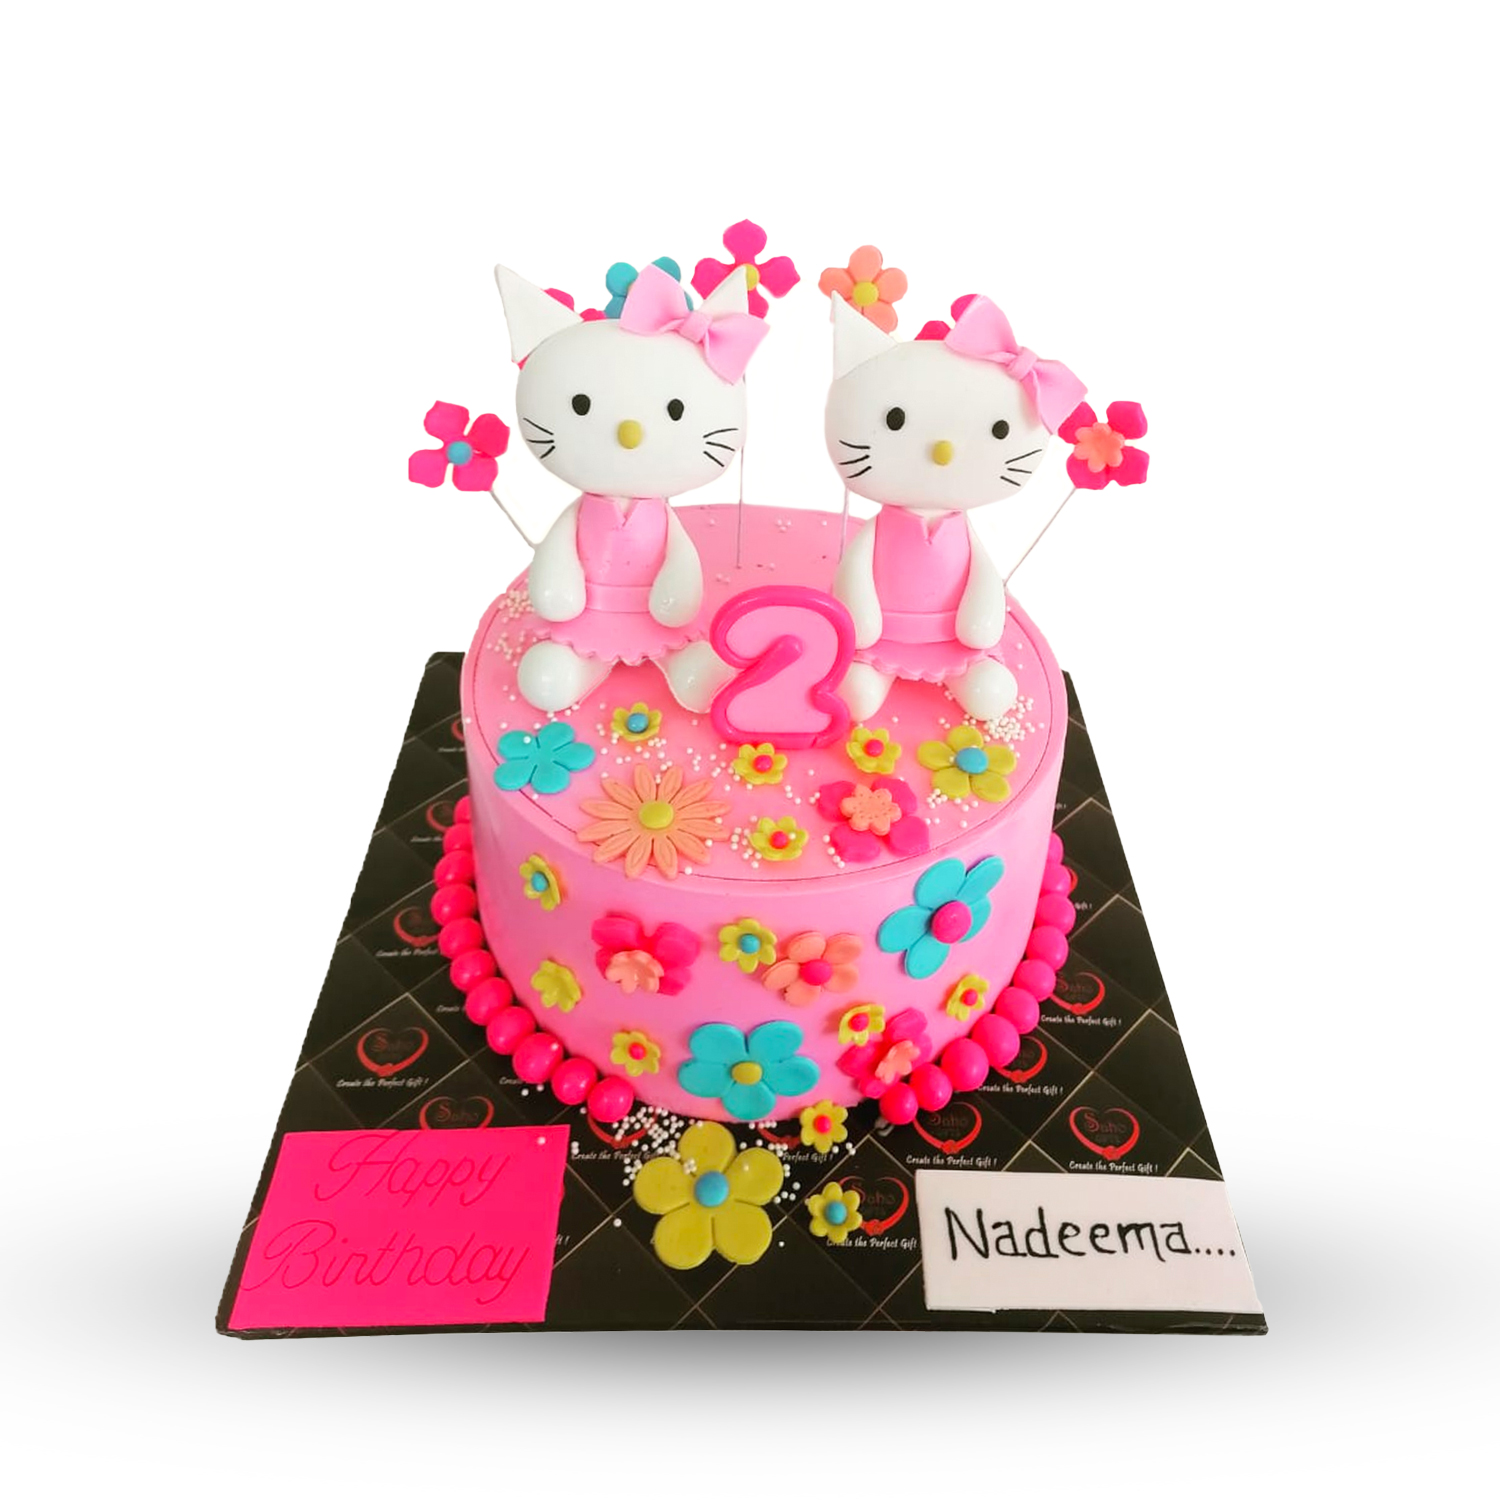 How to Make a Hello Kitty Birthday Cake - Wilton
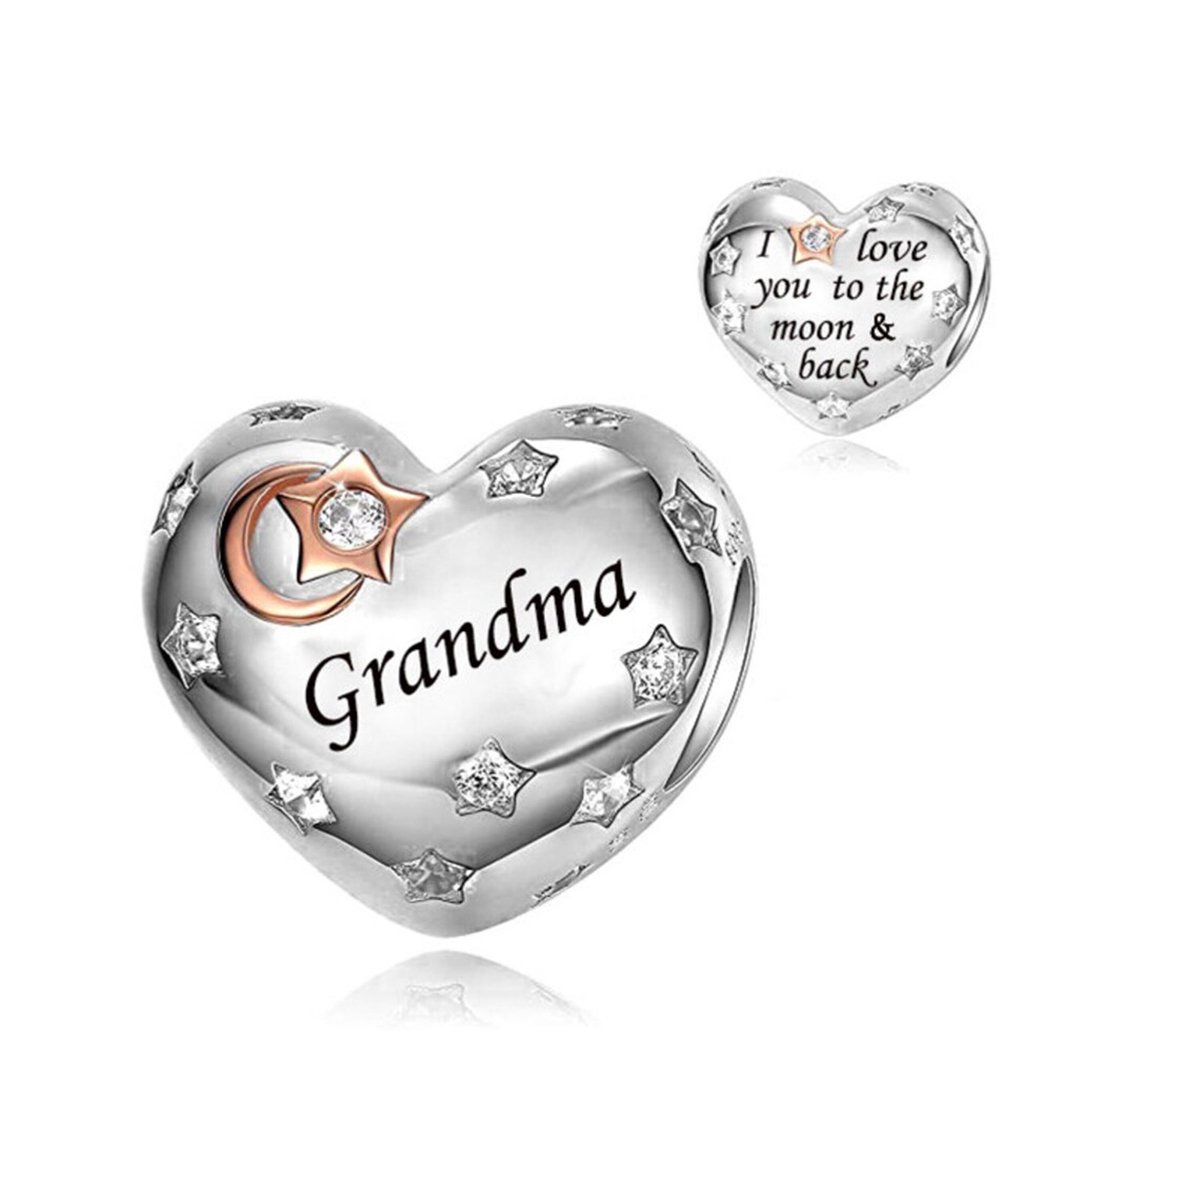 Oma Hart Bedel, Grandma Heart Charm 925 Sterling Zilver Bedel Voor Armband - Keen Jewel
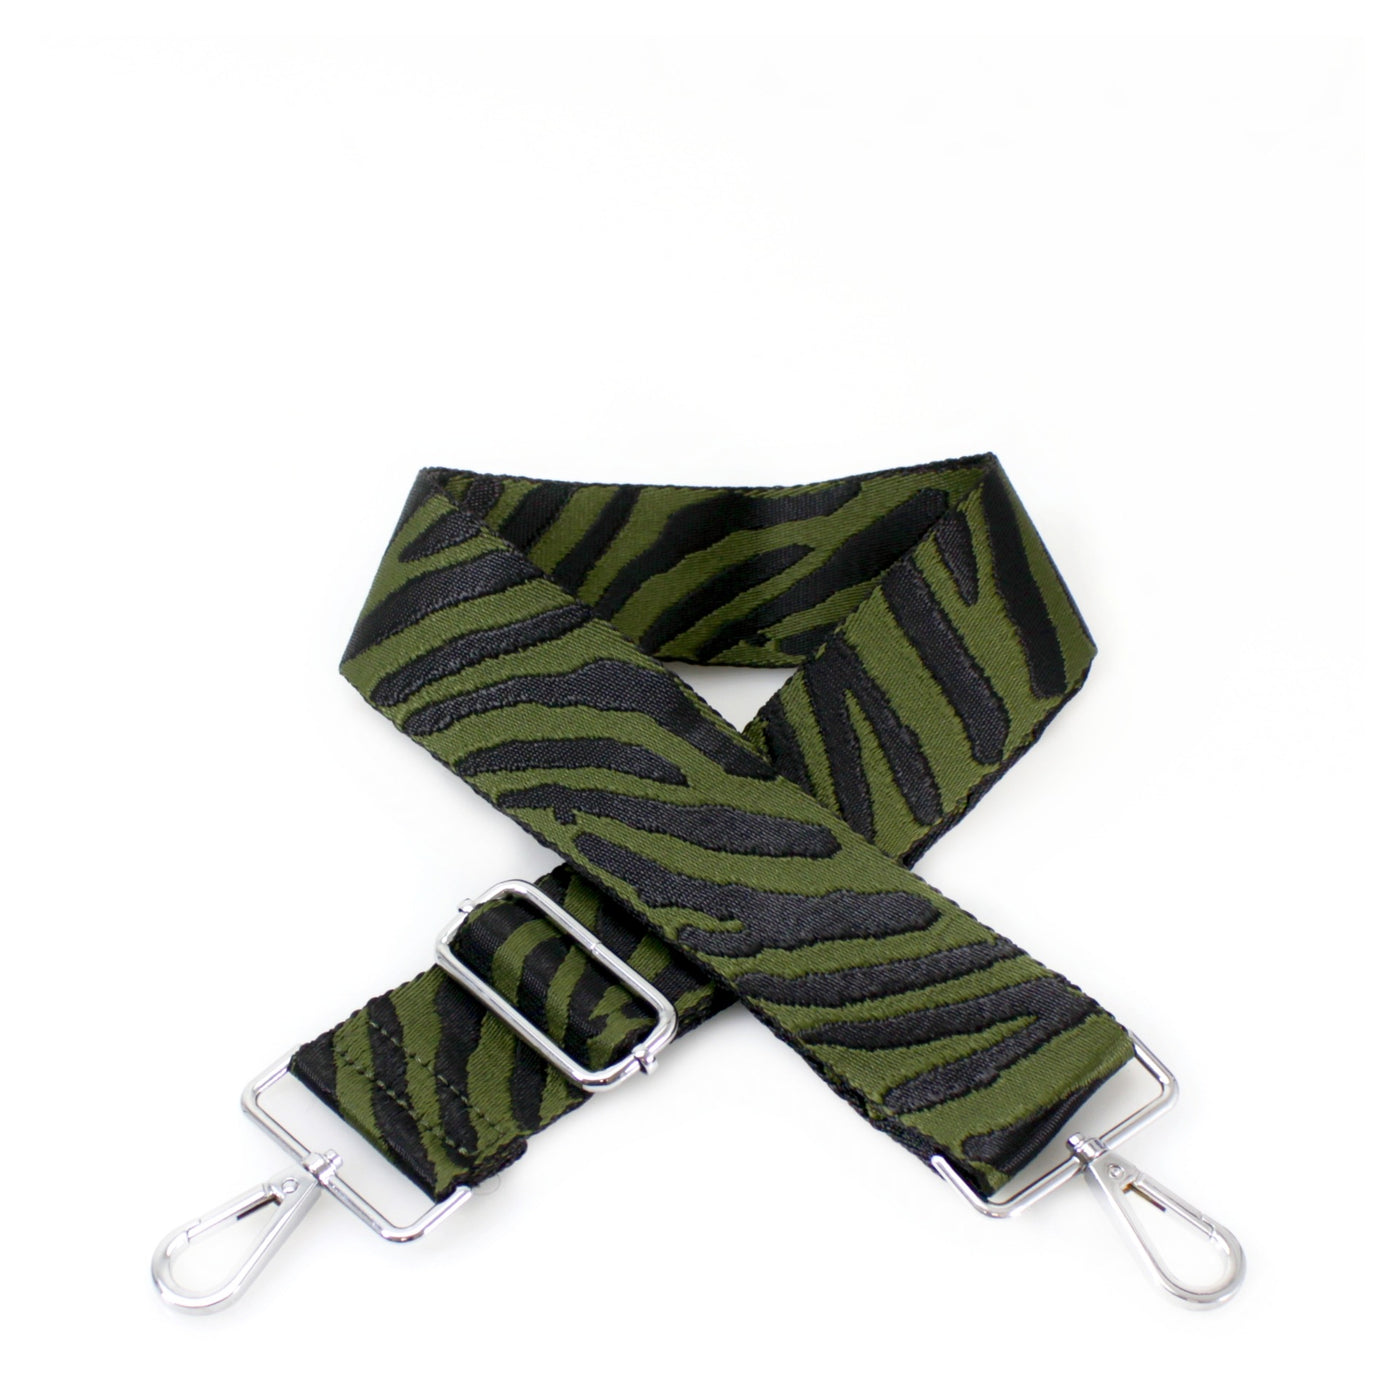 Khaki & Black Zebra Print Bag Strap - Silver Fittings

• **TASK DIRECTIONS**: Return the full listing exactly as it appears above, without its pictures.

• **PROBLEM SOLUTION**:
 How to Make a Hello Kitty Birthday Cake - Wilton
 Oma Hart Bedel, Grandma Heart Charm 925 Sterling Zilver Bedel Voor Armband - Keen Jewel
 Khaki & Black Zebra Print Bag Strap - Silver Fittings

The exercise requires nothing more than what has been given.